Daily Dose of DSA - Day 17

Atharva Atharva
7 min read

Table of contents

Question Link: https://practice.geeksforgeeks.org/problems/palindromic-patitioning4845/1

Recursion + Brute Force + Slight Memoization (Top-down DP)(TLE)(O(n^3) TC & O(n^2) SC)

// User function Template for C++
typedef long long ll;
class Solution{
public:
ll dp[501][501];

bool isPalindrome(string str, int i, int j) {
    while (i < j) {
        if (str[i] != str[j])
            return false;
        i++;
        j--;
    }
    return true;
}

ll rec(string str, int i, int j) {
    // Base case: If the substring is already a palindrome, no partition needed
    if (i >= j || isPalindrome(str, i, j))
        return 0;

    // If the subproblem has already been solved, return the result
    if (dp[i][j] != -1)
        return dp[i][j];

    ll ans = INT_MAX;

    // Partition the string at every possible position and calculate the minimum cuts
    for (int k = i; k < j; k++) {
        ll left = rec(str, i, k);
        ll right = rec(str, k + 1, j);
        ans = min(ans, left + right + 1);
    }

    // Store the minimum value in the dp table for memoization
    return dp[i][j] = ans;
}

    int palindromicPartition(string str)
    {
        // code here
          int n = str.length();

    memset(dp, -1, sizeof(dp));

    return rec(str, 0, n - 1);
    }
};

  1. The function palindromicPartition initializes the dp table and calls the recursive function rec, which takes O(1) time. The memset operation takes O(n^2) time since it fills the entire dp table.

  2. The recursive function rec is called for each substring of the input string. There are a total of n^2 substrings in the worst case. This is because there are n choices for the starting index and n choices for the ending index. Therefore, the total number of recursive calls is O(n^2).
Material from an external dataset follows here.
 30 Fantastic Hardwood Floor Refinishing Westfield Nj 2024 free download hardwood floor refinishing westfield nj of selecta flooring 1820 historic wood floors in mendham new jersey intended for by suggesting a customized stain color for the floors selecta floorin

  3. Inside the rec function, there is a loop that partitions the string at every possible position. This loop iterates from i to j-1, where i and j represent the starting and ending indices of the current substring. In the worst case, the length of the substring is n, so the loop runs n times.
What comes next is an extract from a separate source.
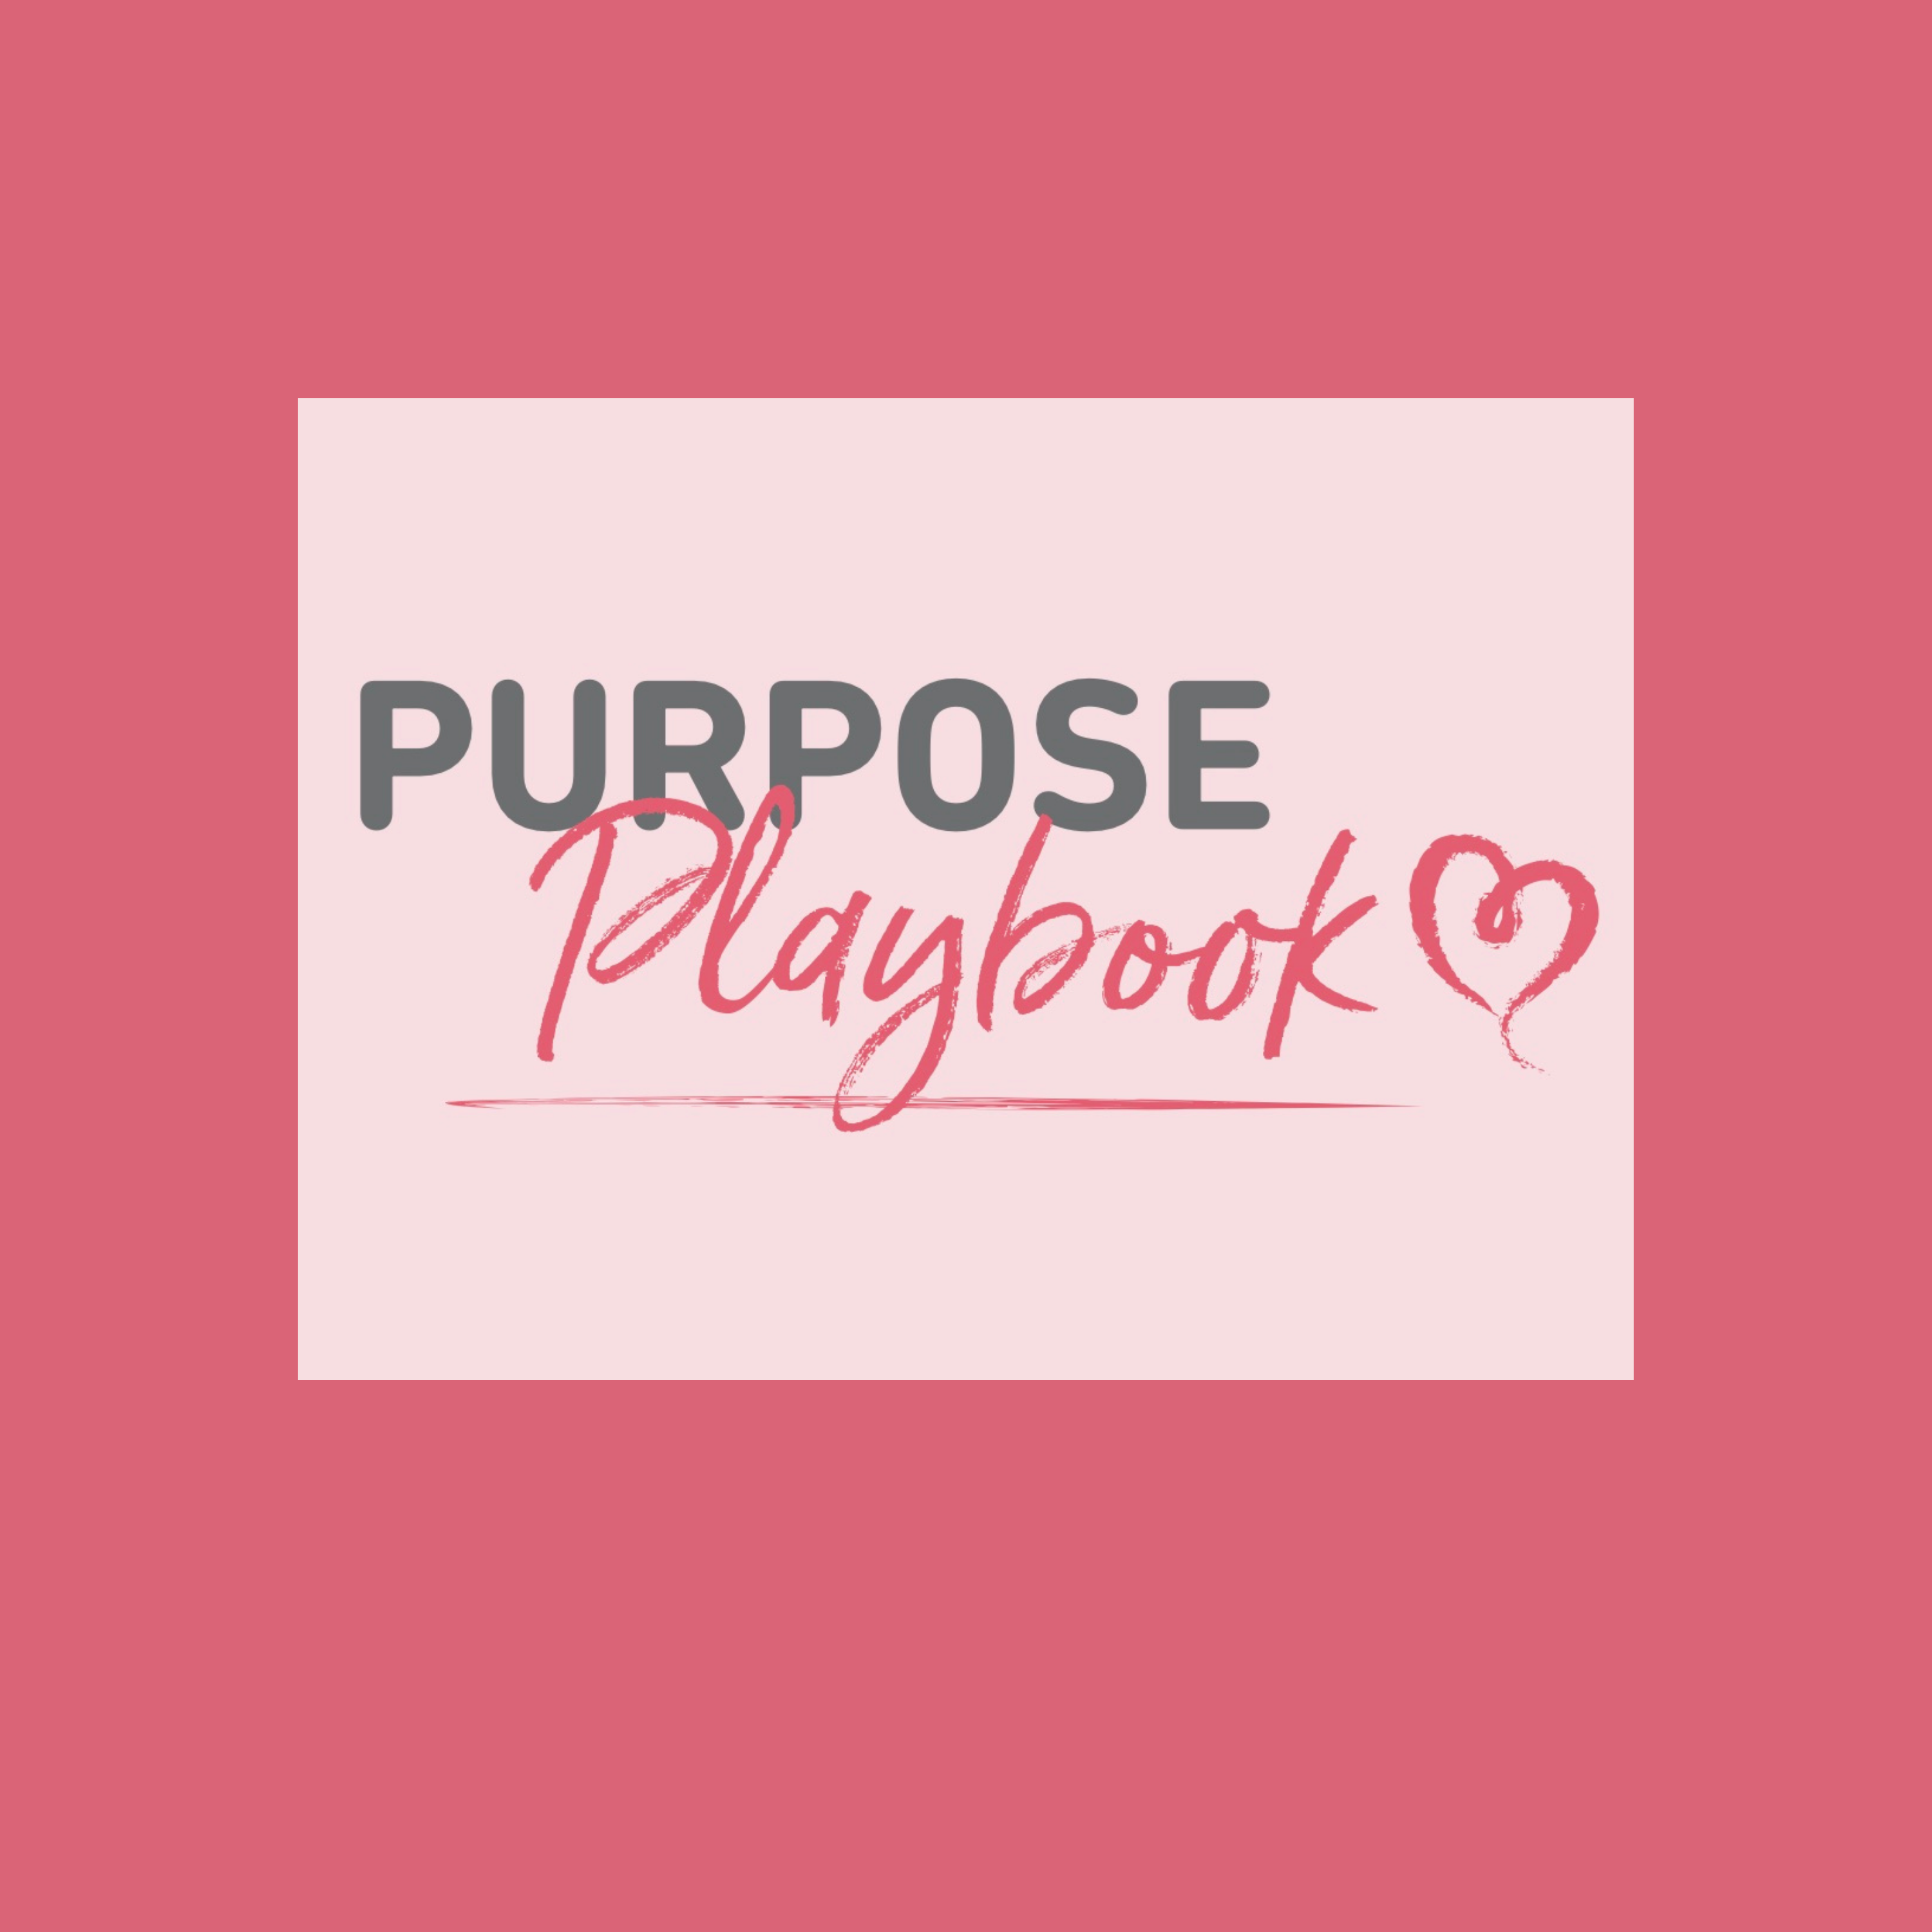 Introduction to the Playbook

  4. Inside the loop, the function makes recursive calls to rec for the left and right partitions of the substring. These recursive calls are made n times in the worst case since the loop runs n times.

  5. Overall, for each recursive call, there is a loop that runs n times, and inside the loop, there are recursive calls made n times. Hence, the worst-case time complexity can be approximated as O(n n n) = O(n^3).
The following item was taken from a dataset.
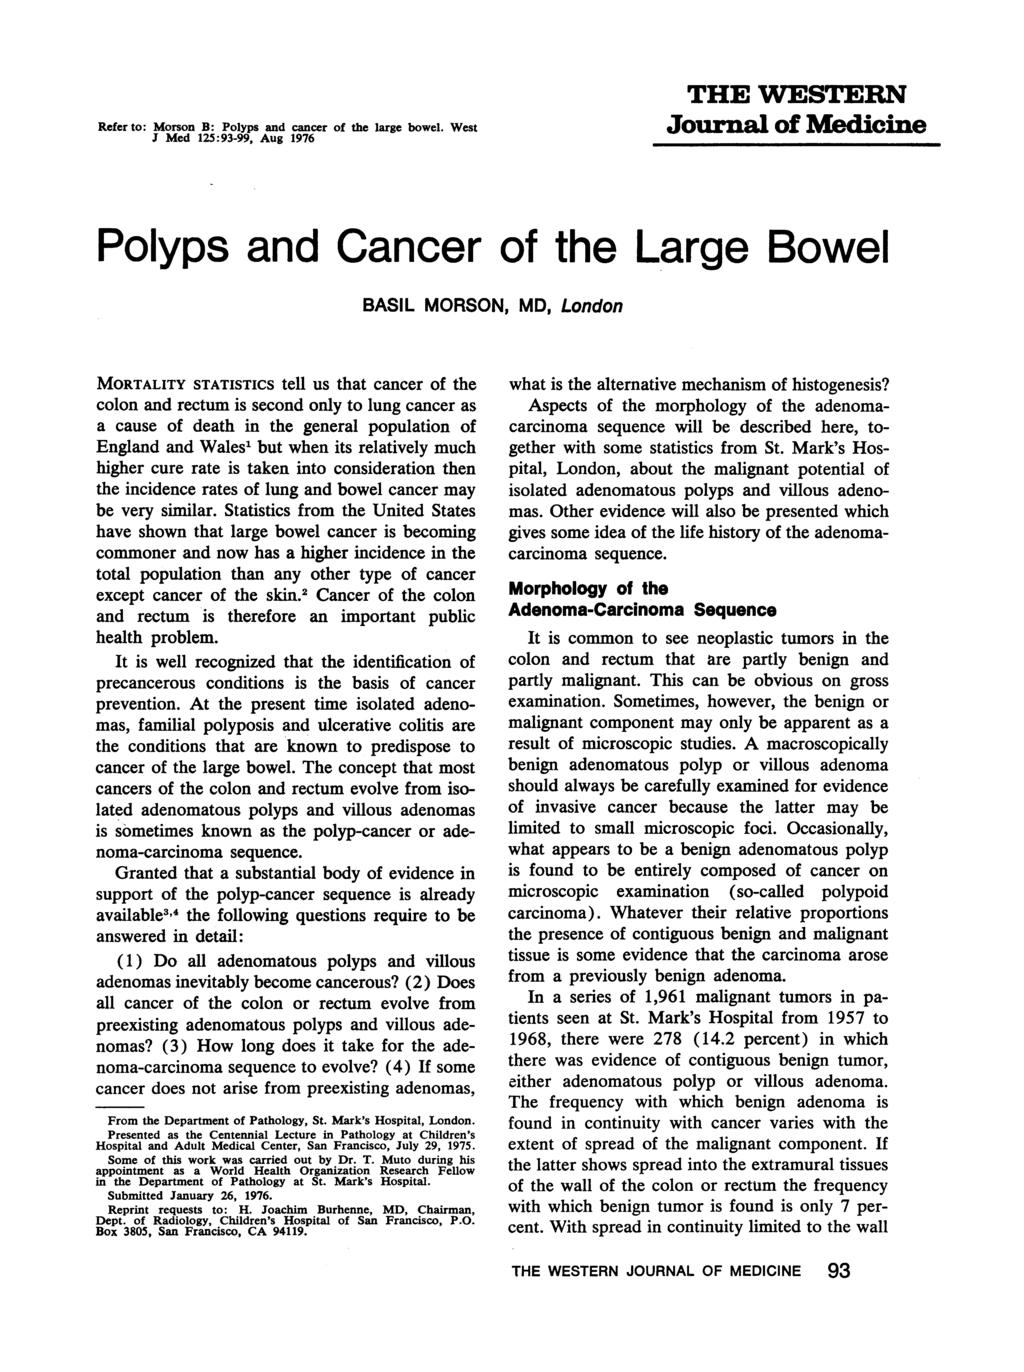 Refer to: Morson B: Polyps and cancer of the large bowel.

Therefore, the worst-case time complexity of the given solution is O(n^3).

Recursion + Memoization (Top-down DP)(O(n^3) TC & O(n^2) SC)

typedef long long ll;

class Solution {
public:
    ll dp[501][501];

    // Function to check if a substring is a palindrome
    bool isPalindrome(string str, int i, int j) {
        while (i < j) {
            if (str[i] != str[j])
                return false;
            i++;
            j--;
        }
        return true;
    }

    // Recursive function to calculate the minimum cuts
    int rec(string str, int i, int j) {
        // Base case: If the substring is already a palindrome, no partition needed
        if (i >= j || isPalindrome(str, i, j))
            return 0;

        // If the subproblem has already been solved, return the result from the dp table
        if (dp[i][j] != -1)
            return dp[i][j];

        int ans = INT_MAX;

        for (int k = i; k < j; k++) {
            int left, right;

            // Calculate the minimum cuts for the left and right substrings
            if (dp[i][k] != -1)
                left = dp[i][k];
            else {
                left = rec(str, i, k);
                dp[i][k] = left; // Memoize the result in the dp table
            }

            if (dp[k + 1][j] != -1)
                right = dp[k + 1][j];
            else {
                right = rec(str, k + 1, j);
                dp[k + 1][j] = right; // Memoize the result in the dp table
            }

            // Find the minimum cuts among all possible partitions
            ans = min(ans, left + right + 1);
        }

        dp[i][j] = ans; // Store the minimum cuts in the dp table for memoization
        return ans;
    }

    int palindromicPartition(string str) {
        int n = str.length();

        // Initialize the dp table with -1 (indicating subproblems that haven't been solved yet)
        memset(dp, -1, sizeof(dp));

        // Call the recursive function to calculate the minimum cuts
        return rec(str, 0, n - 1);
    }
};

The time complexity of the provided code is O(n^3), where n is the length of the input string.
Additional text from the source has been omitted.